BEGIN SUPPLIED DATA

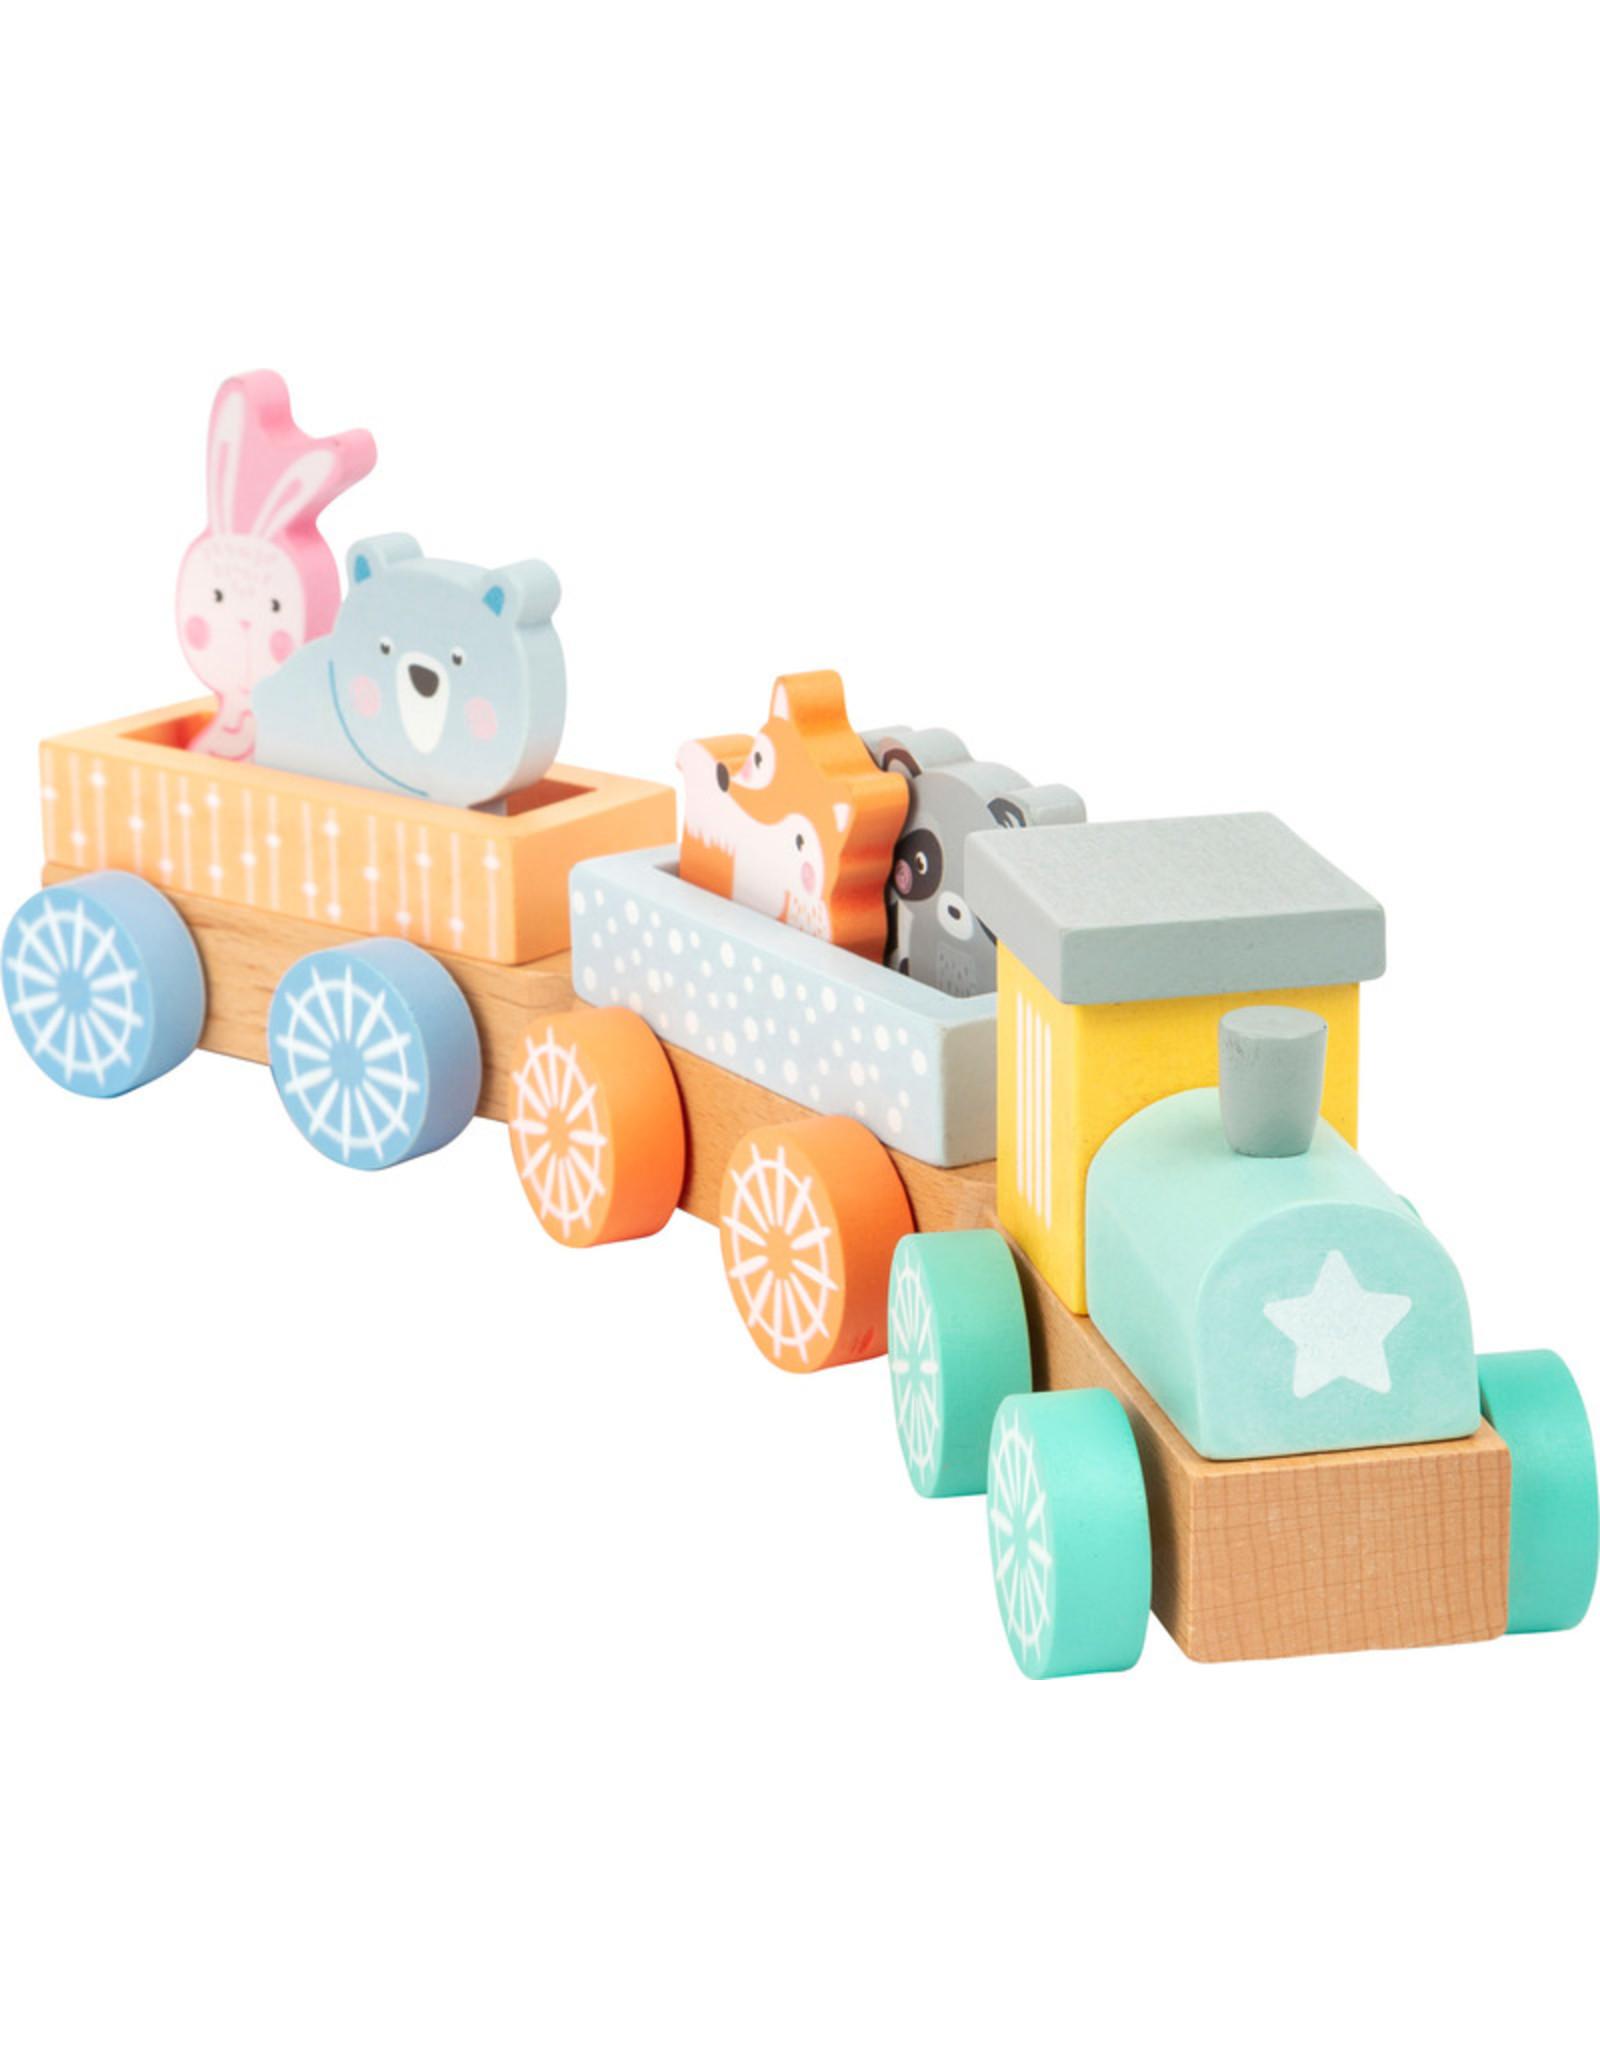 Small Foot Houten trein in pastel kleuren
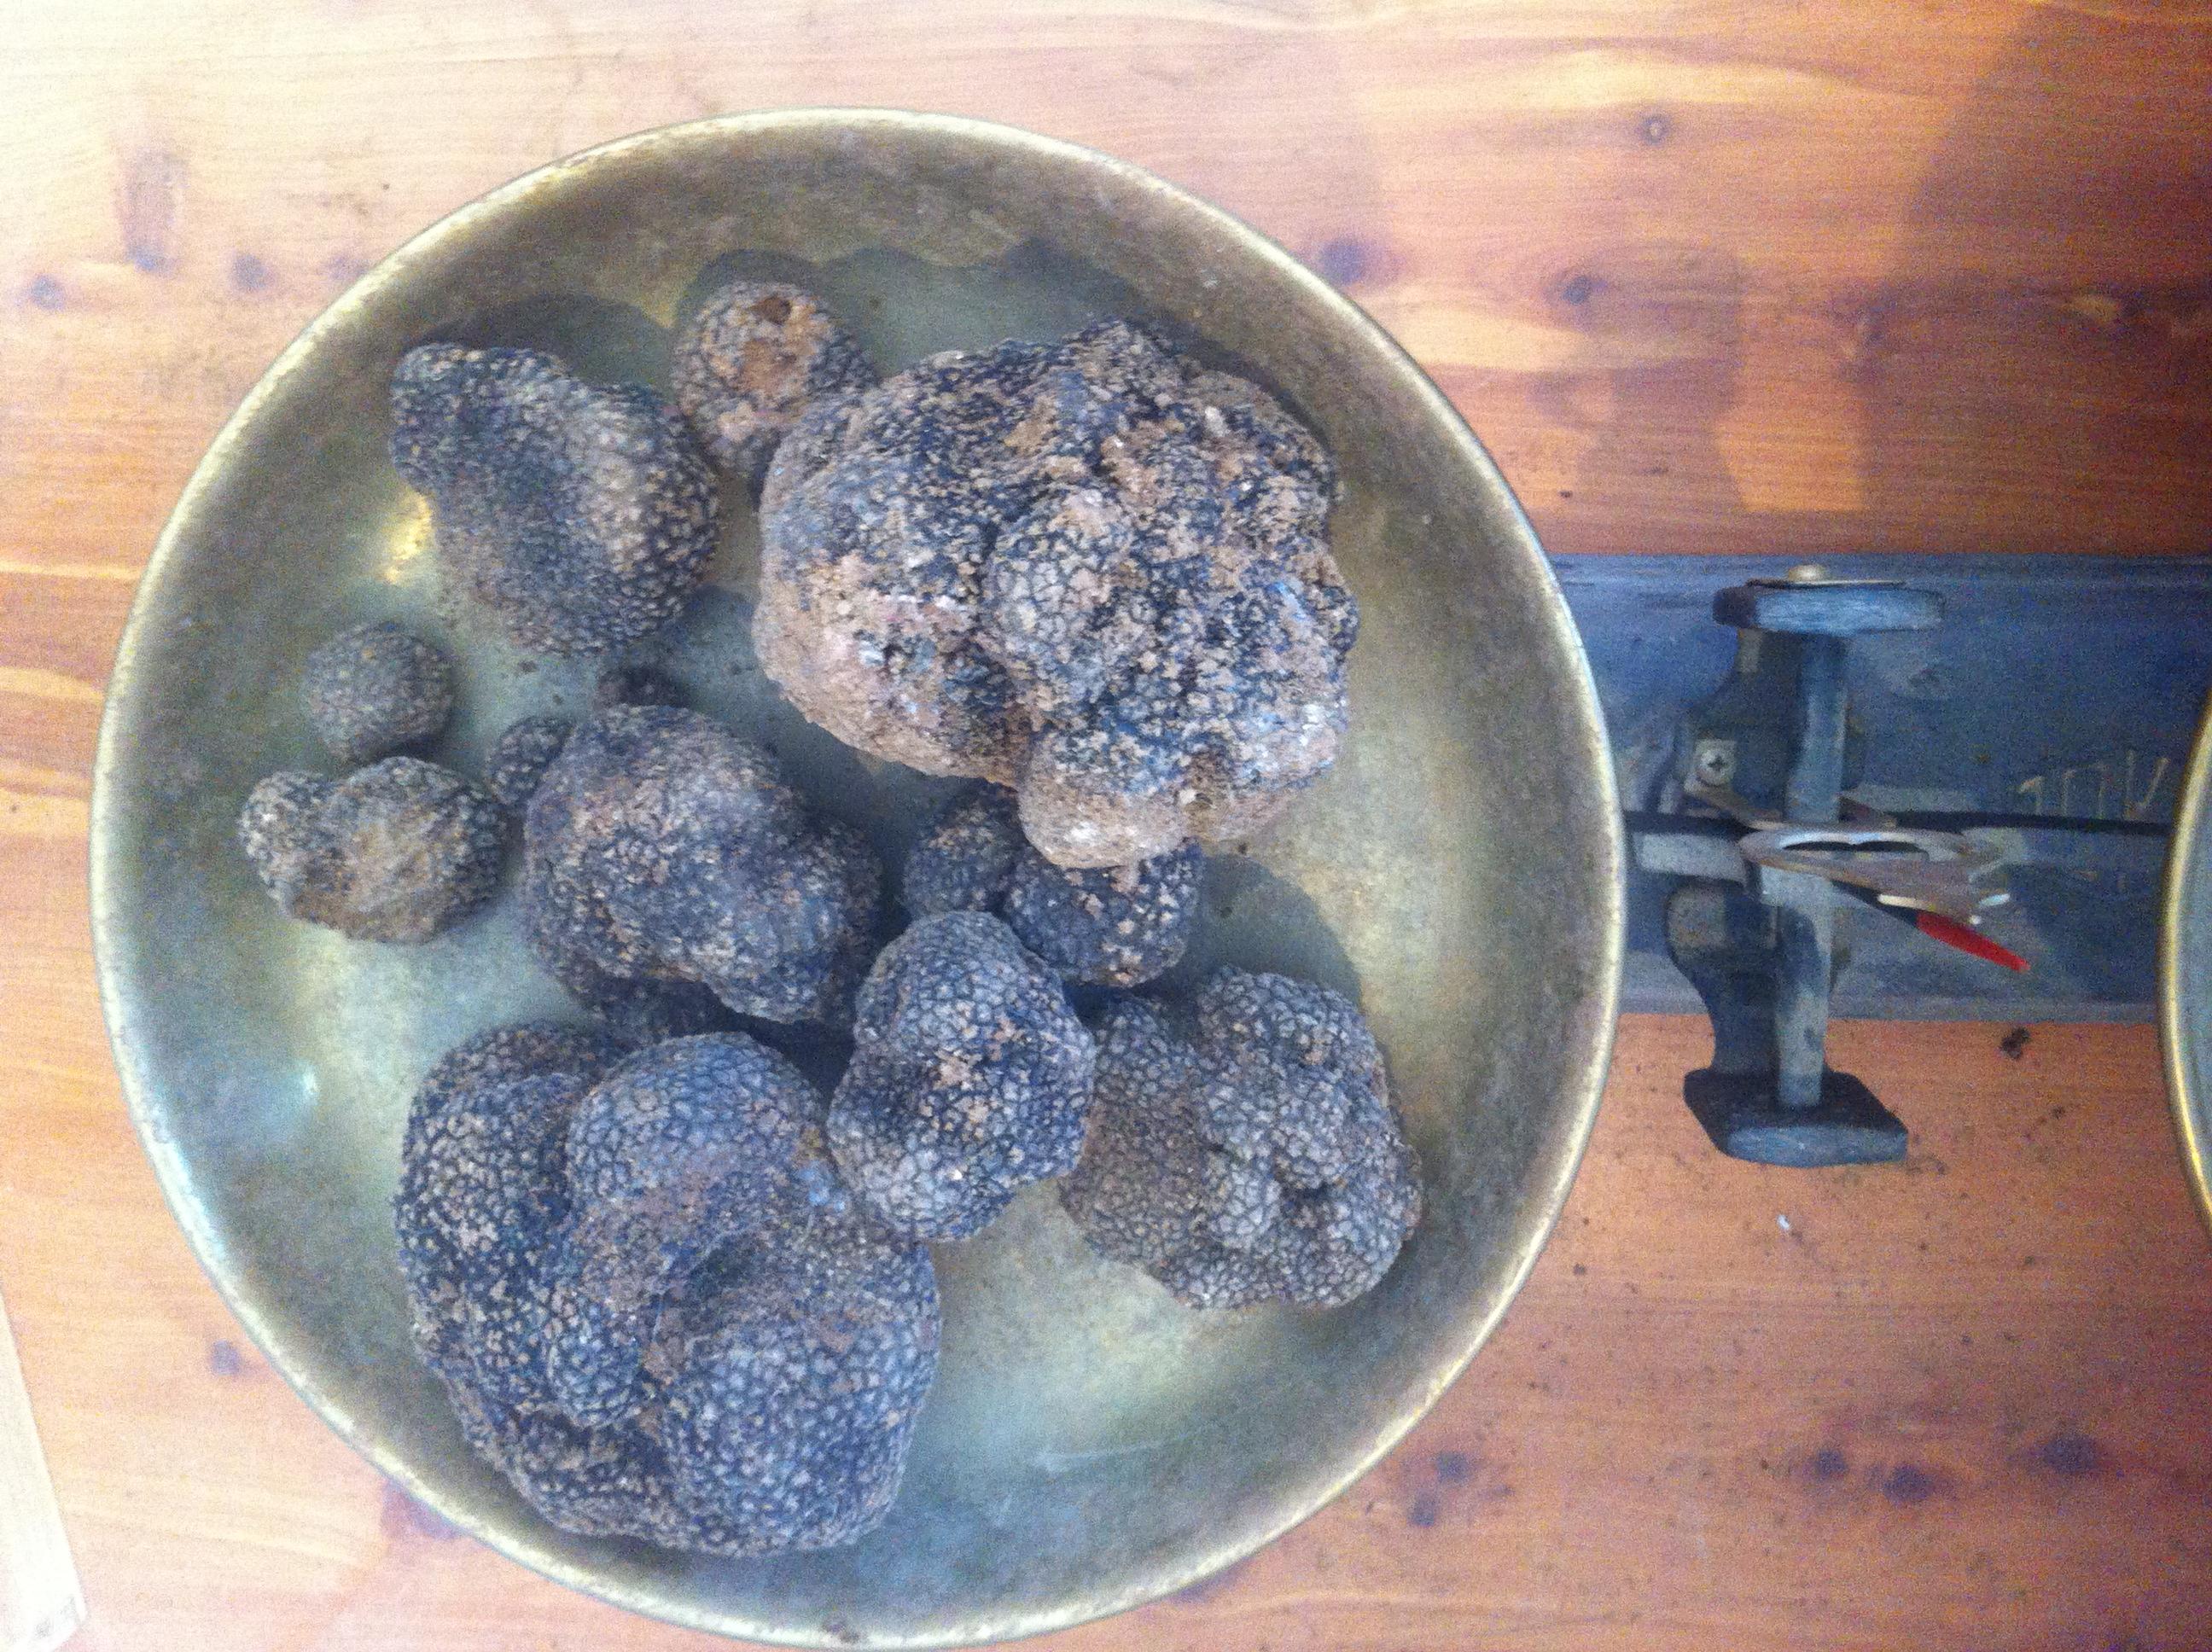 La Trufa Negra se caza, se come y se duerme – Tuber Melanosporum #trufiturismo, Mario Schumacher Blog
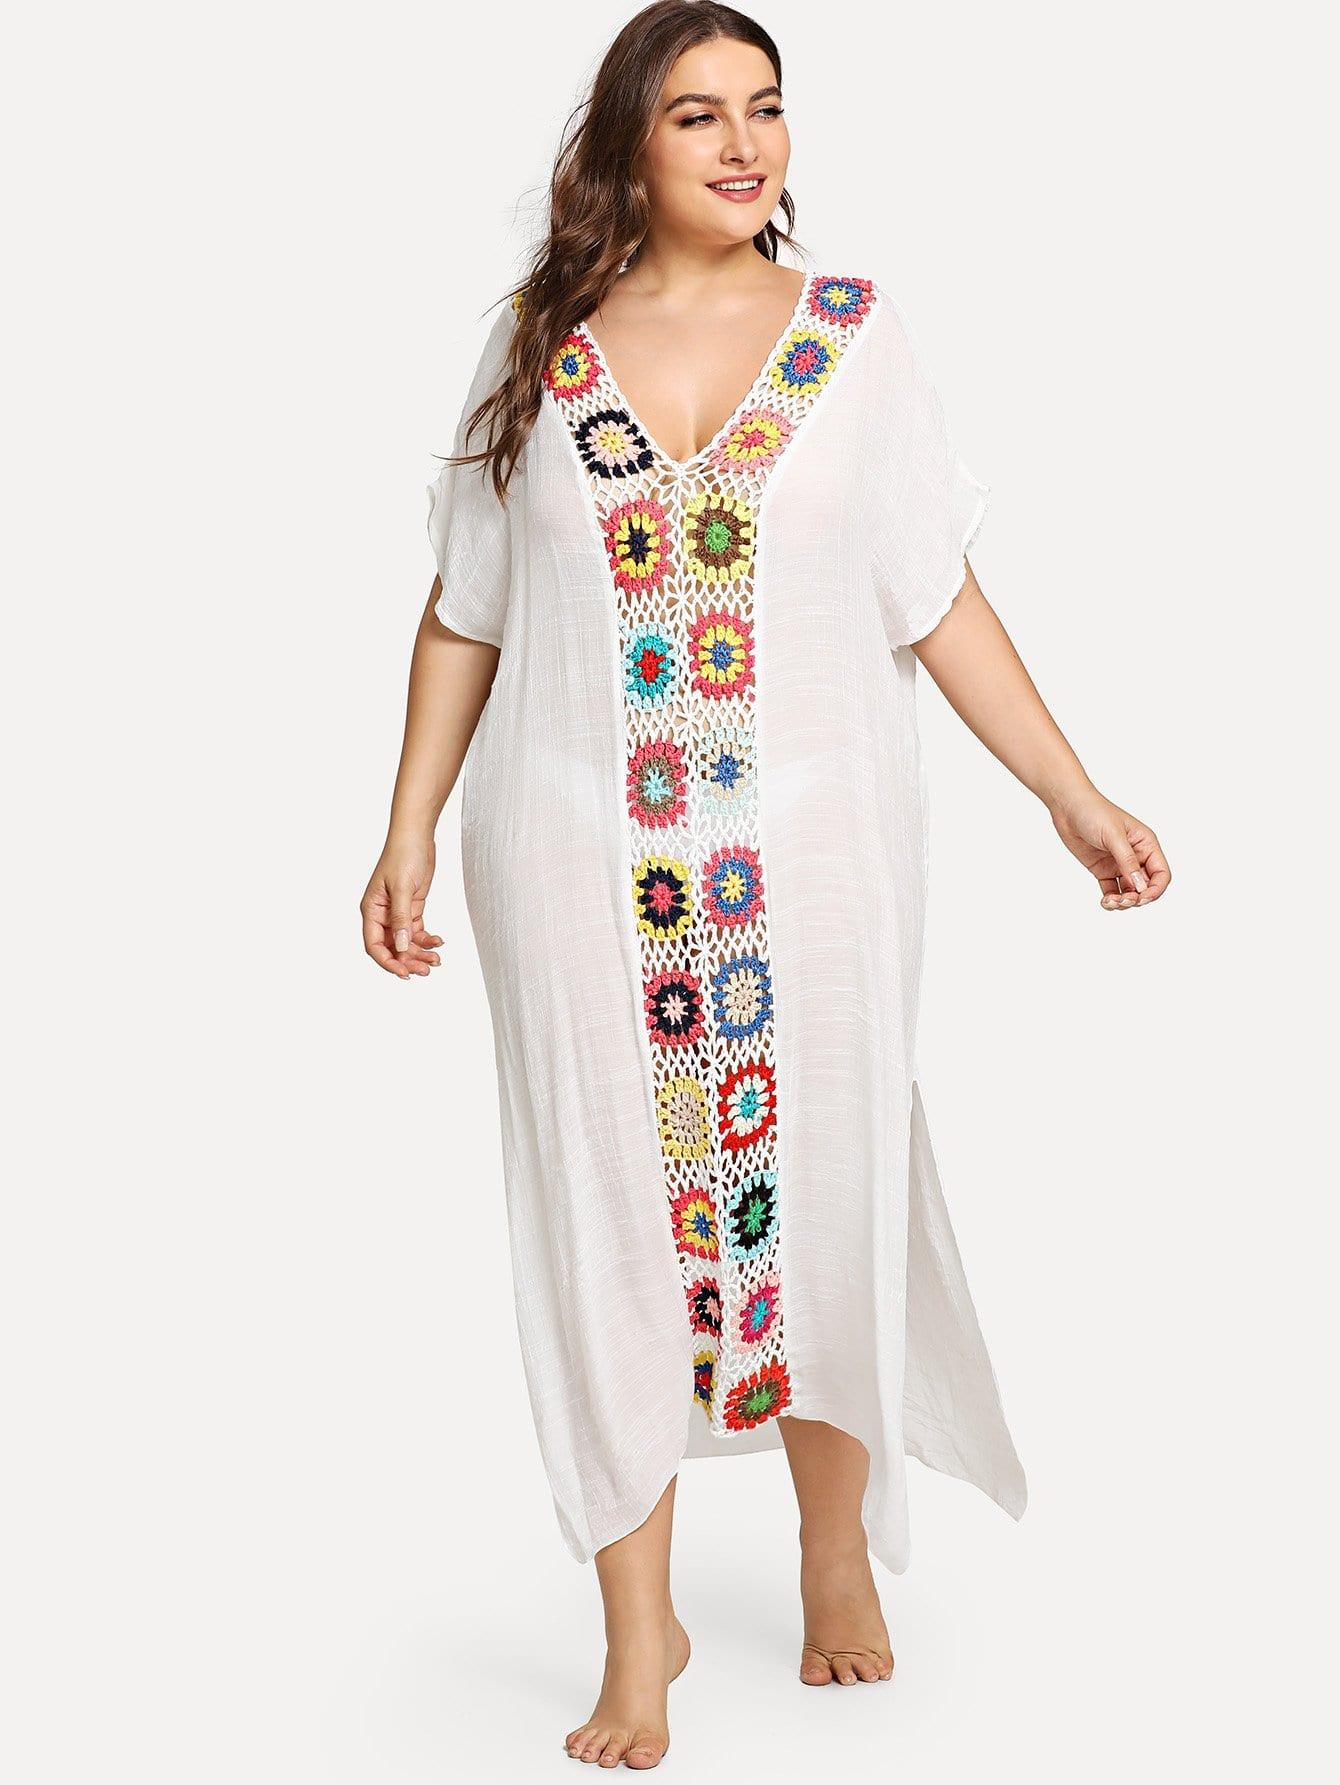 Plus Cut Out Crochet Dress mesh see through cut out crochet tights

END SUPPLIED DATA

### EXERCISE REQUIREMENTS
Without the pictures, give every line above again exactly.

### TASK RESULT
 Small Foot Houten trein in pastel kleuren
 La Trufa Negra se caza, se come y se duerme – Tuber Melanosporum #trufiturismo, Mario Schumacher Blog
 Plus Cut Out Crochet Dress mesh see through cut out crochet tights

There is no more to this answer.